Problem description ▸
In the listing below, the answer starts at the line that has "Superior Quality Women's" and stops after the line that has "L mpara de cristal"; please repeat that part exactly and nothing more.
─── Records for the exercise
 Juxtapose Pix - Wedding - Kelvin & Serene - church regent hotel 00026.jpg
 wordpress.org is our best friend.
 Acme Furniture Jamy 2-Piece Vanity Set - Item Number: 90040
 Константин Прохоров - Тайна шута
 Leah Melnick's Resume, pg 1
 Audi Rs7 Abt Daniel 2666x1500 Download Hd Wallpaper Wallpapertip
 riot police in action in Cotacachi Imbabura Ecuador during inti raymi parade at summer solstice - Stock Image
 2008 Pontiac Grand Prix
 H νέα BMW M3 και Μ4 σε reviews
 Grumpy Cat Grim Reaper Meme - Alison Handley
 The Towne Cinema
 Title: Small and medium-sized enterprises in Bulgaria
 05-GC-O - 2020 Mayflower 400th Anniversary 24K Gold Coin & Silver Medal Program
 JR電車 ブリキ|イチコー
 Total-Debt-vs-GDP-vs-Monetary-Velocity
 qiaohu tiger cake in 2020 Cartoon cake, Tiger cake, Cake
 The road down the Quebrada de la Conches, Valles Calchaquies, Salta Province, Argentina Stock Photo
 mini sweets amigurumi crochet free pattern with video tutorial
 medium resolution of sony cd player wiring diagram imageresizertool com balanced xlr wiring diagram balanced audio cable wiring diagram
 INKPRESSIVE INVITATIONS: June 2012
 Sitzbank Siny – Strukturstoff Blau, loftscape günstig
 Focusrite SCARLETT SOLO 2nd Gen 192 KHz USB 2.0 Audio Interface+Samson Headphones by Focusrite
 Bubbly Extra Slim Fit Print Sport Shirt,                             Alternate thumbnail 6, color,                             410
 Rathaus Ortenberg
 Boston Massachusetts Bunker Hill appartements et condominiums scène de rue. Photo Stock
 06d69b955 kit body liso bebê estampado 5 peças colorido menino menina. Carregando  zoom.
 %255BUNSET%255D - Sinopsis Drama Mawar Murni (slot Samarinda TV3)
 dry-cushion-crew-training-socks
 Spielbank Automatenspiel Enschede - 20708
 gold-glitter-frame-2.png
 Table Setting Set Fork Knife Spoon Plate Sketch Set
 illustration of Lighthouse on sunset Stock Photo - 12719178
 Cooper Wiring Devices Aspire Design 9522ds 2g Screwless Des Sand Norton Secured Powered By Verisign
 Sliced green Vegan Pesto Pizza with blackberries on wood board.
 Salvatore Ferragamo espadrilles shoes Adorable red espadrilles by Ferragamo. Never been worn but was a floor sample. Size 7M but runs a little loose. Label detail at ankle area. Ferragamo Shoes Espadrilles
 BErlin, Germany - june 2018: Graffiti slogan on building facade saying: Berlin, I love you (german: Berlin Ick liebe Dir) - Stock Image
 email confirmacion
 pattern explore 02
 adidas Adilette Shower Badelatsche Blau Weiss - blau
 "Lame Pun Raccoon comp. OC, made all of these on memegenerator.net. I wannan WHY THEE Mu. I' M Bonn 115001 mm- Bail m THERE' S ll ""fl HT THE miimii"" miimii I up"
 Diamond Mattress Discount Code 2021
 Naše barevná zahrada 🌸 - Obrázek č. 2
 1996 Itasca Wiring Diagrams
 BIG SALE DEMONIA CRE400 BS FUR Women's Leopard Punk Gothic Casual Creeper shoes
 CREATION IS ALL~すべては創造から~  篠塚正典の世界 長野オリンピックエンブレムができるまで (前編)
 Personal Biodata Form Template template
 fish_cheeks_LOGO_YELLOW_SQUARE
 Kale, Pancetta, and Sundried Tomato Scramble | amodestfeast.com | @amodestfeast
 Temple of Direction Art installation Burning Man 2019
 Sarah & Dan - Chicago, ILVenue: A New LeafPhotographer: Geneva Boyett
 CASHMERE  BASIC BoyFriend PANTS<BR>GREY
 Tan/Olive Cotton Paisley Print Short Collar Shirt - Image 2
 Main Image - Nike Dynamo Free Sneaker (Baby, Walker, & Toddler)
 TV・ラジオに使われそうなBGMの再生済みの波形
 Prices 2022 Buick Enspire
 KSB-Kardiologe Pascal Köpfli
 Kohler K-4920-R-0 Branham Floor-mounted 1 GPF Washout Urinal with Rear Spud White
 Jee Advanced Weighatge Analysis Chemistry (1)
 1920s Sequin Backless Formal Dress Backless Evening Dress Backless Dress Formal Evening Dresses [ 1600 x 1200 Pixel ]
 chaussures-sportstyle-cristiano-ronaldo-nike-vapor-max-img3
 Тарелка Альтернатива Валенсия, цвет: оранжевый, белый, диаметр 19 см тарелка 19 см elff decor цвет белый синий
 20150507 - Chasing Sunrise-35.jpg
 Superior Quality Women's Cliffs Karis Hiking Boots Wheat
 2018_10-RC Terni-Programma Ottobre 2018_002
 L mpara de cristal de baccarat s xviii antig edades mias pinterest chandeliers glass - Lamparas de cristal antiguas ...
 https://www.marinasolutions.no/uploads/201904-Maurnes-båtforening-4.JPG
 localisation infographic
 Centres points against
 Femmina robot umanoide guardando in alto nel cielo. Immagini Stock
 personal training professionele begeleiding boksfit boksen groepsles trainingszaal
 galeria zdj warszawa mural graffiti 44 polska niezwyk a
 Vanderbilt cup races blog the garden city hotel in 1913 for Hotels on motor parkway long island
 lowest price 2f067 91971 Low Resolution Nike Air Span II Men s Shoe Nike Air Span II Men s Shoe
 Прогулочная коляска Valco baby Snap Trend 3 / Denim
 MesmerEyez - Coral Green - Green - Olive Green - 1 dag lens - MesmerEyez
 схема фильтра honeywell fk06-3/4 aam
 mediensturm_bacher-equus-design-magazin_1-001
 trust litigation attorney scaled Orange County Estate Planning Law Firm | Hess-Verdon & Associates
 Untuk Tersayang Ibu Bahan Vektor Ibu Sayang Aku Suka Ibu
──────
Task result ▸
 Superior Quality Women's Cliffs Karis Hiking Boots Wheat
 2018_10-RC Terni-Programma Ottobre 2018_002
 L mpara de cristal de baccarat s xviii antig edades mias pinterest chandeliers glass - Lamparas de cristal antiguas ...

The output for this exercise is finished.